_Task objective_:
Without the pictures, write the listing below out again, line for line.

─── Dataset excerpt

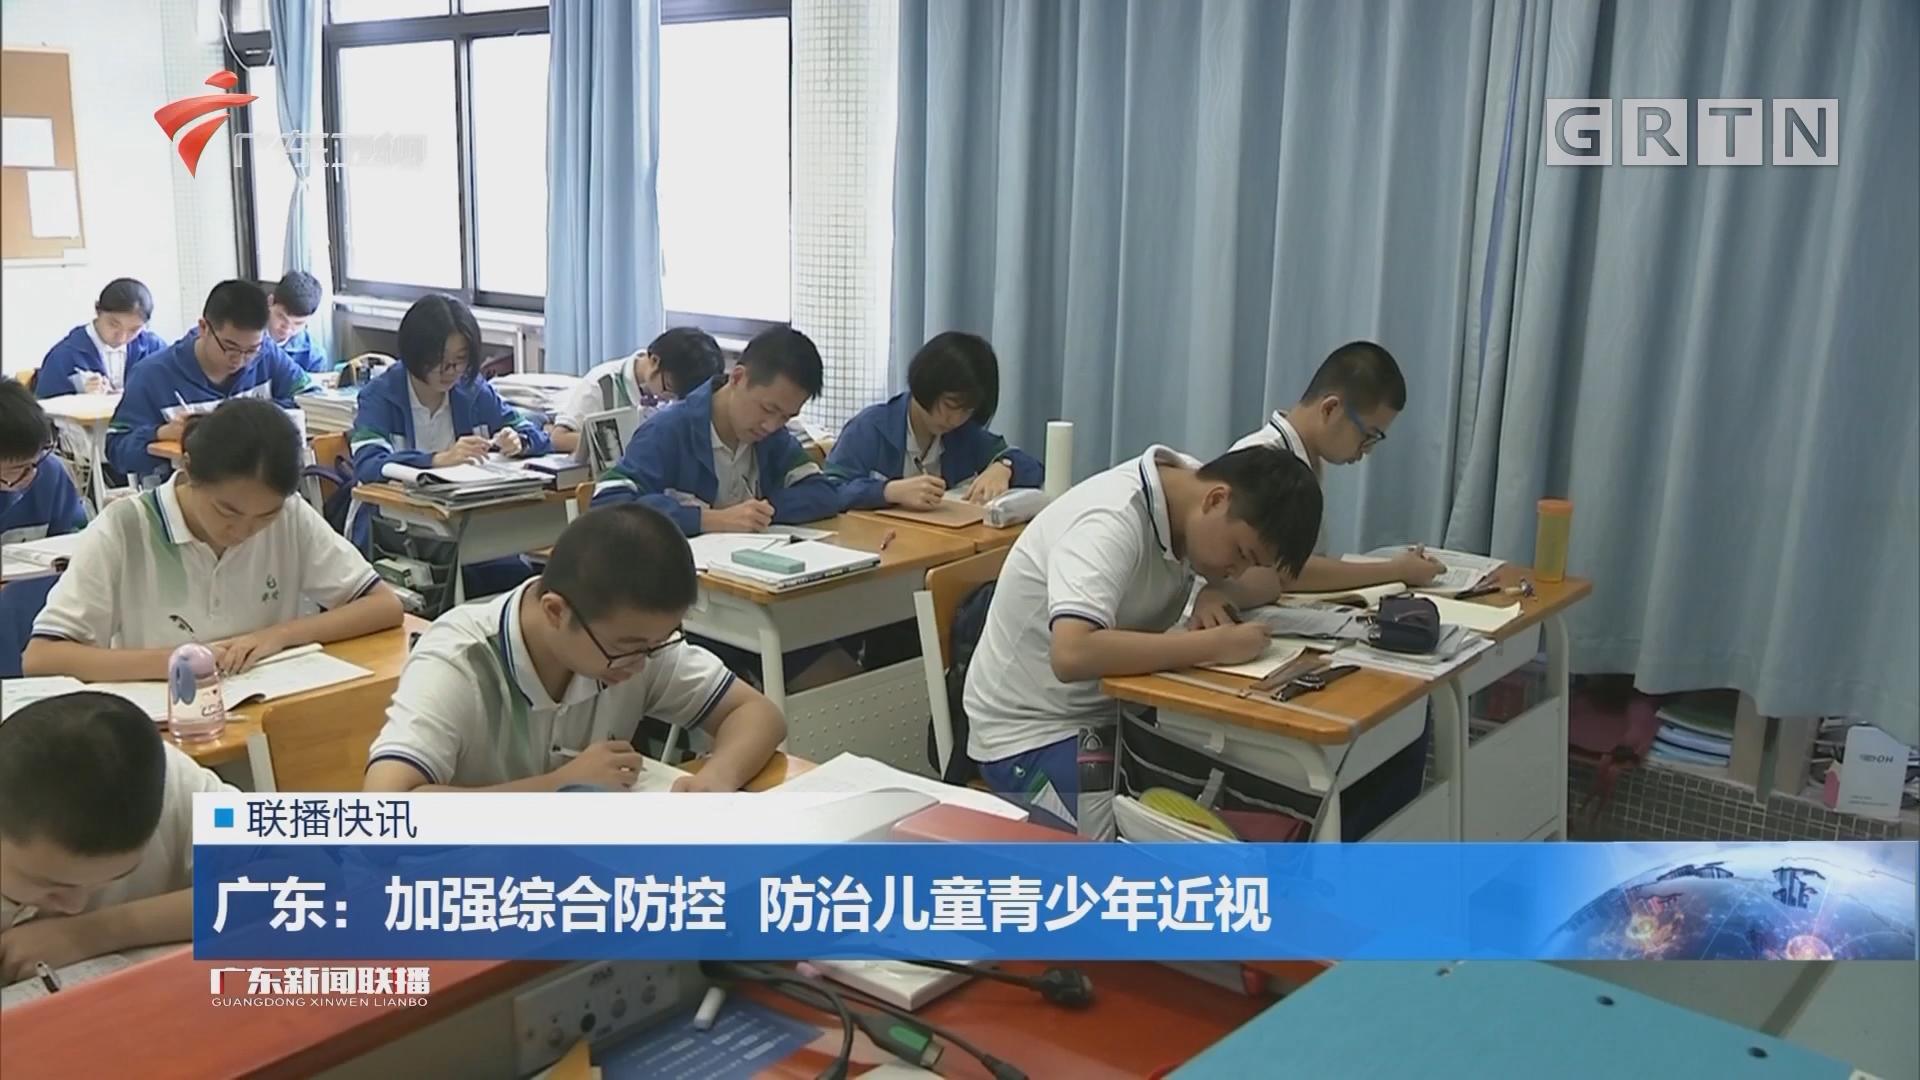 广东:加强综合防控 防治儿童青少年近视
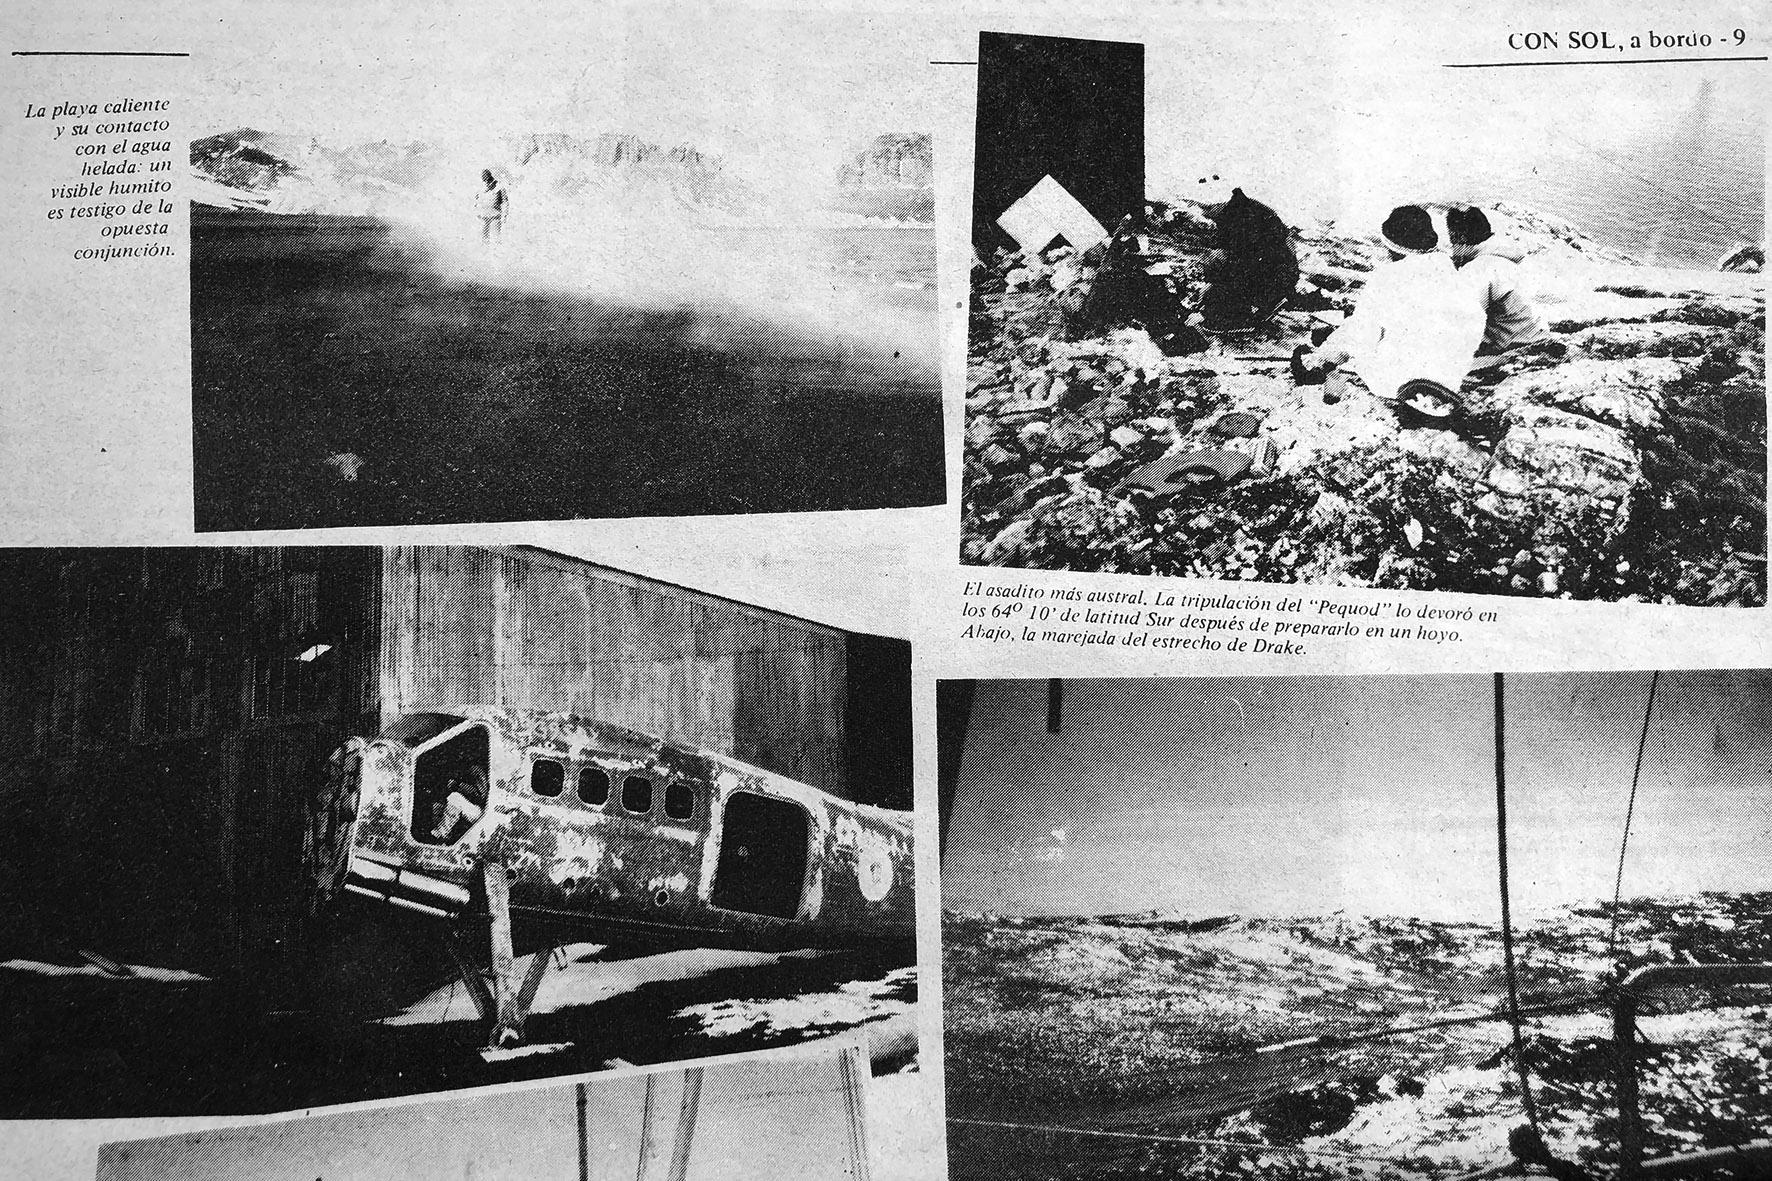 El primer viaje del Pequod – Año 1987 06
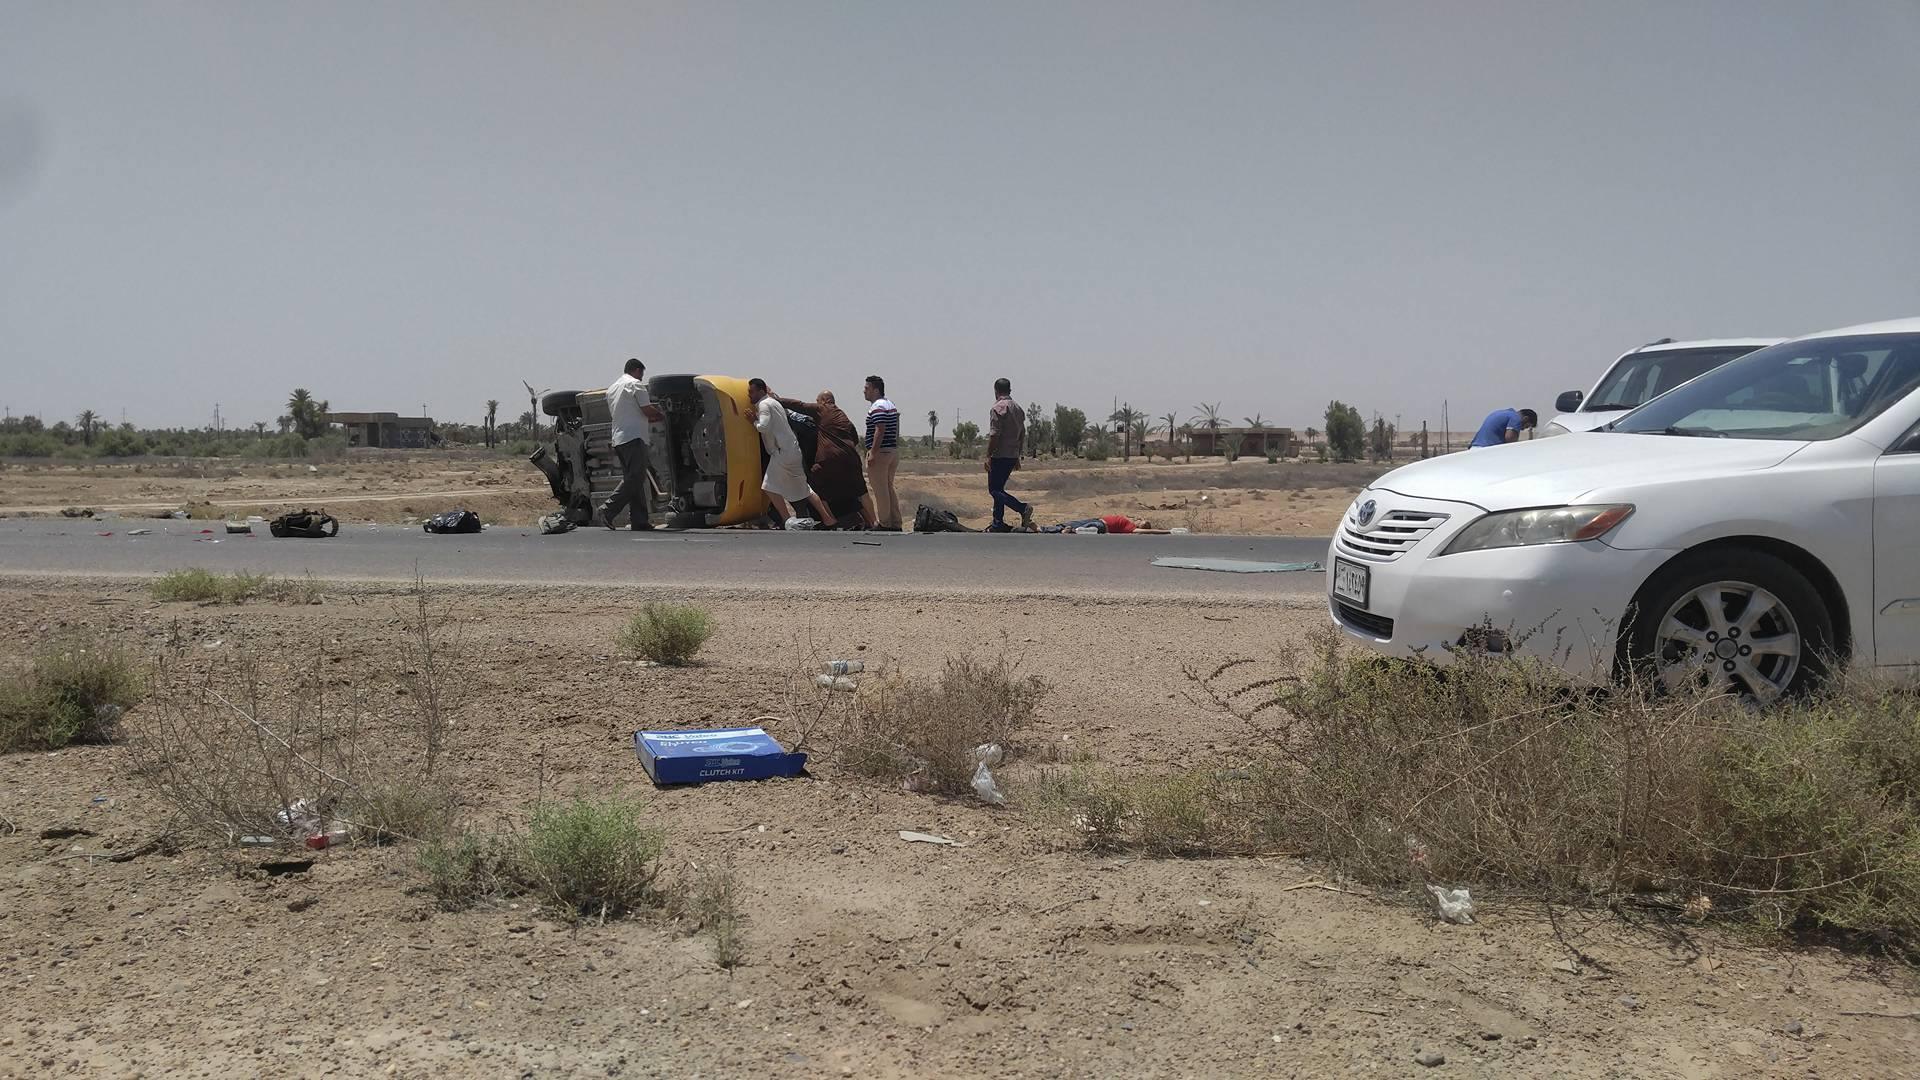 مصرع واصابة أربعة اشخاص في حادث سير غرب الفلوجة

──────

_Result_:
 广东:加强综合防控 防治儿童青少年近视
 El primer viaje del Pequod – Año 1987 06
 مصرع واصابة أربعة اشخاص في حادث سير غرب الفلوجة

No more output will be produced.